Sample code using the PaddleRS training model is curated in this directory. The code provides automatic downloading of sample data, and uses GPU to train the model.
| Sample code path | Task | Model |
|---|---|---|
| change_detection/bit.py | Change Detection | BIT |
| change_detection/cdnet.py | Change Detection | CDNet |
| change_detection/changeformer.py | Change Detection | ChangeFormer |
| change_detection/dsamnet.py | Change Detection | DSAMNet |
| change_detection/dsifn.py | Change Detection | DSIFN |
| change_detection/fc_ef.py | Change Detection | FC-EF |
| change_detection/fc_siam_conc.py | Change Detection | FC-Siam-conc |
| change_detection/fc_siam_diff.py | Change Detection | FC-Siam-diff |
| change_detection/fccdn.py | Change Detection | FCCDN |
| change_detection/p2v.py | Change Detection | P2V-CD |
| change_detection/snunet.py | Change Detection | SNUNet |
| change_detection/stanet.py | Change Detection | STANet |
| classification/condensenetv2.py | Scene Classification | CondenseNet V2 |
| classification/hrnet.py | Scene Classification | HRNet |
| classification/mobilenetv3.py | Scene Classification | MobileNetV3 |
| classification/resnet50_vd.py | Scene Classification | ResNet50-vd |
| image_restoration/drn.py | Image Restoration | DRN |
| image_restoration/esrgan.py | Image Restoration | ESRGAN |
| image_restoration/lesrcnn.py | Image Restoration | LESRCNN |
| object_detection/faster_rcnn.py | Object Detection | Faster R-CNN |
| object_detection/ppyolo.py | Object Detection | PP-YOLO |
| object_detection/ppyolo_tiny.py | Object Detection | PP-YOLO Tiny |
| object_detection/ppyolov2.py | Object Detection | PP-YOLOv2 |
| object_detection/yolov3.py | Object Detection | YOLOv3 |
| semantic_segmentation/bisenetv2.py | Image Segmentation | BiSeNet V2 |
| semantic_segmentation/deeplabv3p.py | Image Segmentation | DeepLab V3+ |
| semantic_segmentation/factseg.py | Image Segmentation | FactSeg |
| semantic_segmentation/farseg.py | Image Segmentation | FarSeg |
| semantic_segmentation/fast_scnn.py | Image Segmentation | Fast-SCNN |
| semantic_segmentation/hrnet.py | Image Segmentation | HRNet |
| semantic_segmentation/unet.py | Image Segmentation | UNet |
PaddleRS installation
The PaddleRS code will be updated as the development progresses.

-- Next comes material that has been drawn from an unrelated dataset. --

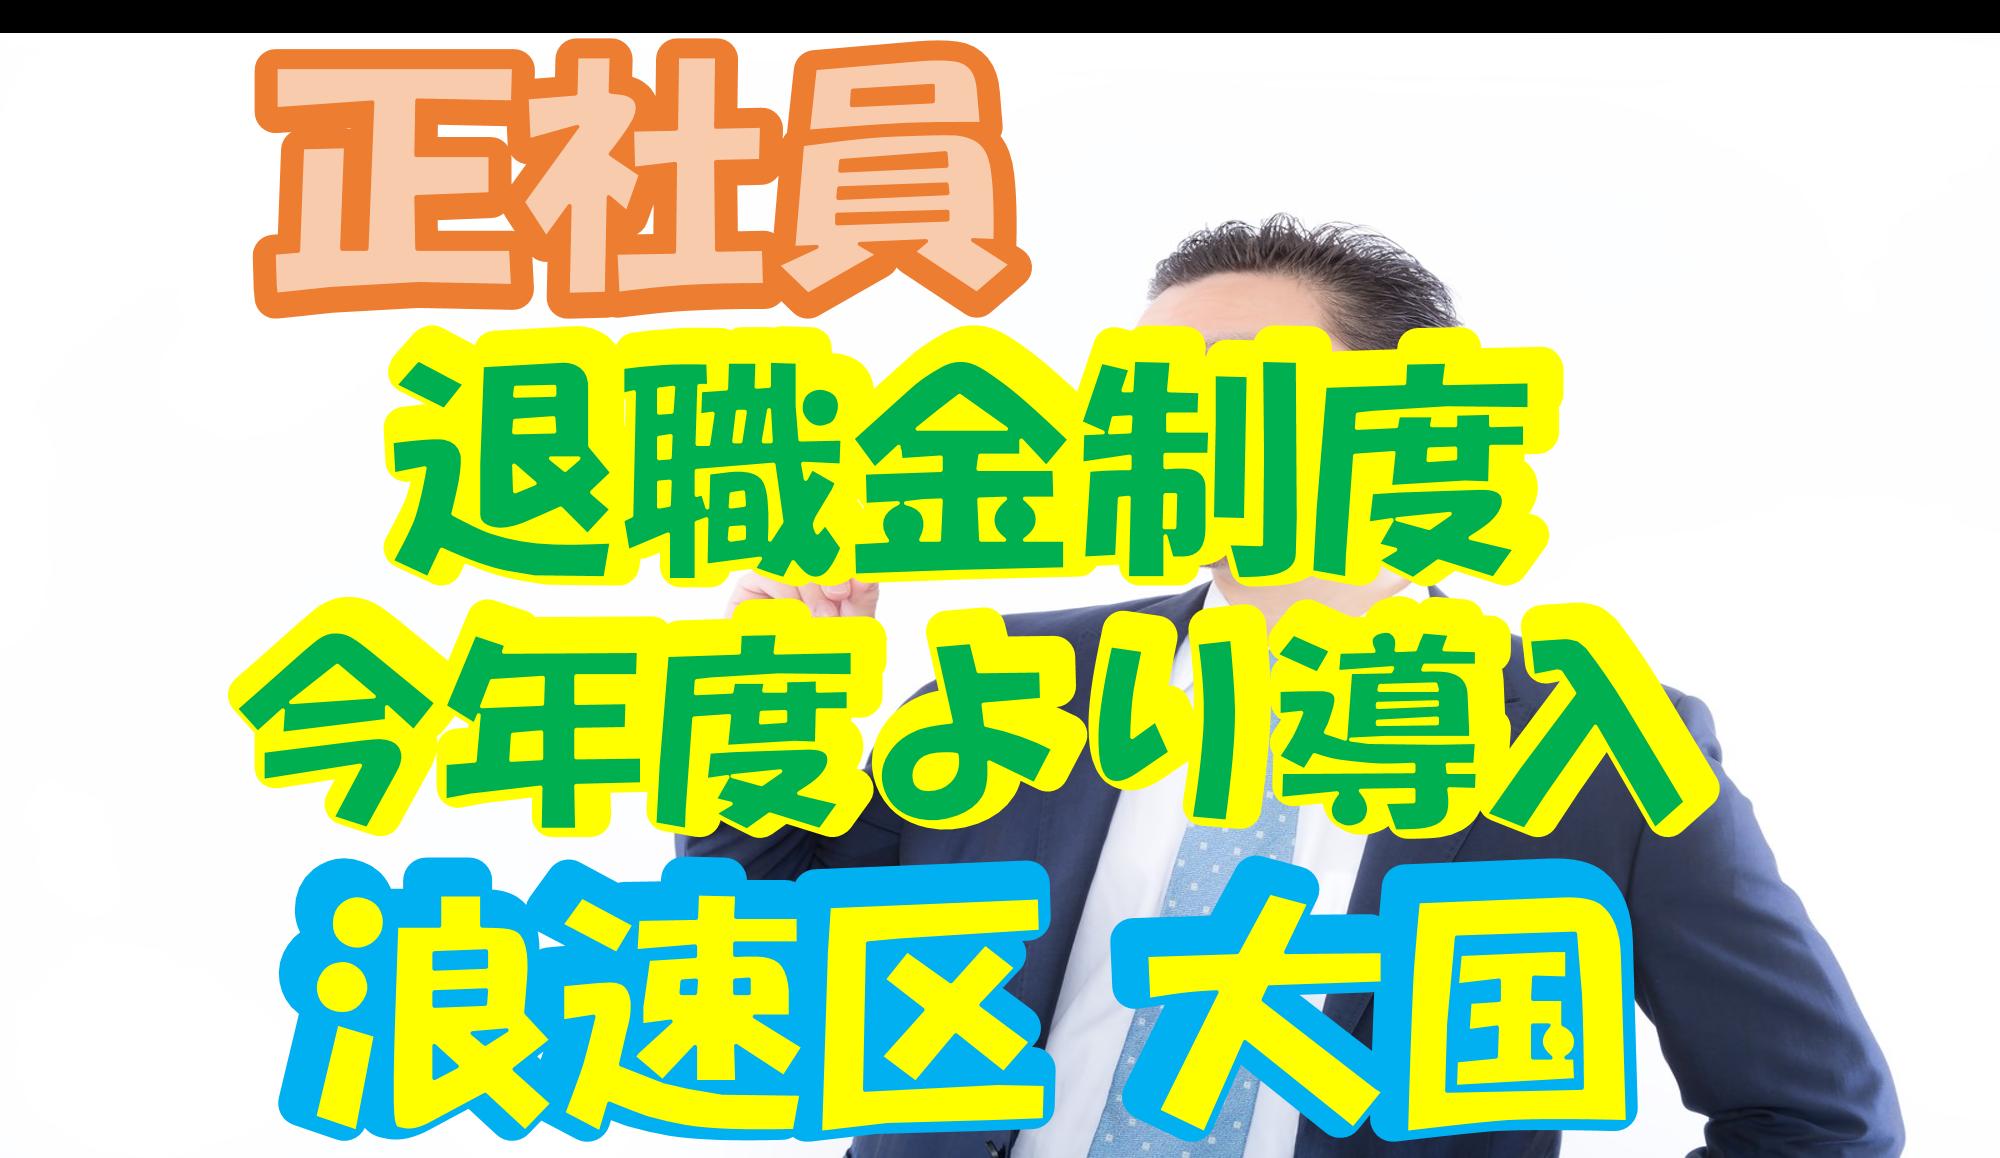 【大阪市浪速区】介護スタッフ(正社員)アクセス良好で通いやすい♪うれしい待遇充実の施設★s-oonw-h1-kyo イメージ

You can install the develop branch to use the latest features as follows:
git clone https://github.com/PaddlePaddle/PaddleRS
cd PaddleRS
git checkout develop
pip install -r requirements.txt
python setup.py install
If the downloading of dependencies is slow or times out when using python setup.py install, you can create setup.cfg in the same directory as setup.py and with the following content, then the download can be accelerated through Tsinghua source:
[easy_install]
index-url=https://pypi.tuna.tsinghua.edu.cn/simple
PaddleRS supports reading of various types of satellite data. To use the full data reading functionality of PaddleRS, you need to install GDAL as follows:
conda is recommended for installation:
conda install gdal
Windows users can download GDAL wheels from this site. Please choose the wheel according to the Python version and the platform. Take GDAL‑3.3.3‑cp39‑cp39‑win_amd64.whl as an example, run the following command to install:
pip install GDAL‑3.3.3‑cp39‑cp39‑win_amd64.whl
Pull from dockerhub:
docker pull paddlepaddle/paddlers:1.0.0
(Optional) Build from scratch. Select the base image for PaddlePaddle by setting PPTAG. You can build the image in a CPU-only environment or in GPU environments.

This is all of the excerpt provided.